You switch the engine off and puff warm air into your hands. HTFU. Go time. You exit the car.
“[Sometimes] I’ll be racing people around me, I won’t be racing for the top 10. […] There’s always someone to race with, which is really cool.”
– Rudy Melo, 5th Floor
There is a kind of raw beauty to cyclocross leagues like the London X League. They embody the spirit of the ‘cross community in all its glory — supportive, competitive, and most of all, fun. There are the clubs, which every weekend, take turns to set the race table for that Sunday’s gathering, with volunteers laying down barriers and rolling out the race tape. There are the riders, who bring with them the desire to outdo themselves as much as their competition, and roll the dice whatever the conditions. And then there are the supportive families and friends who, week after week, turn up with carloads of enthusiasm to motivate all riders from 10 years old to 50+. Together, they make ‘cross happen.
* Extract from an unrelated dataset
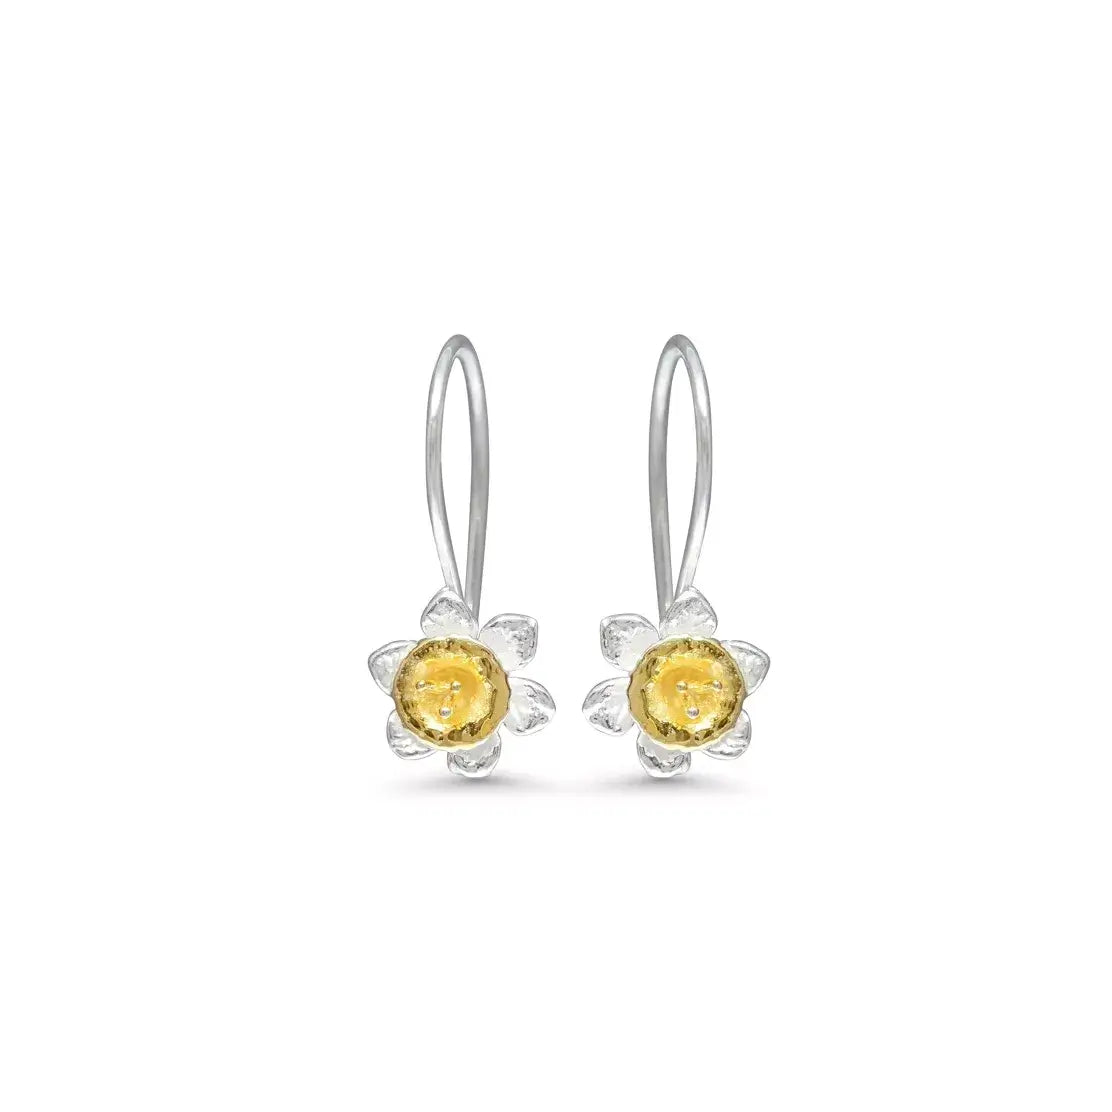 Daffodil Hook Earrings In Sterling Silver With 18 Carat Gold - Twelve Silver Trees

“One of the main things that appeals to me in ‘cross is just the community behind it,” explains Rudy Melo, co-founder of the cycling collective, 5th Floor. “It’s very relaxed, but you can also take it really seriously if you want to.”
Seriously competitive or not, with multiple levels of experience in every race (there are no category rankings in this league, just age and gender groupings), there’s always someone to race against — even if it’s just your own inner demons.
“If you’re not doing as well as you wish, [then] you’re racing against yourself, or to do your best every lap, or you’re racing to do better than your previous race, or you’re racing to catch the guy in front or to stay away from the guy behind.” It seems no matter where you are in that precious 60 minutes of racing, the tussle is real.
It’s winter. In a season of hearty soups and comfort food, ‘cross is like that go-to bowl of soul-restoring, chunky stew — familiar, tasty, and immensely satisfying. Every week, you find yourself lining up at the start line, joking around with the people you’re going to be battling against for the next hour — maybe more, maybe less. You will ride, and ride hard. You will ride until your lungs burst and your face is contorted with the effort. You will race against whomever is next to you, behind you, in front of you, and fight for the scraps of victory. And when the finish line comes, you will slump over the bars, breathing hard and sucking in oxygen in big, hearty gulps. Before going home, you will swap your war stories, complain about the cold, clean all your gear, and pack up. And come next week?
Come next week, you will come back for seconds.
“It’s only an hour long, maybe a little bit longer, a little bit less […] and it’s a good way to kind of have a crack at the sport […] I think people who are just starting out in ‘cross can have a pretty basic bike and still have a go.”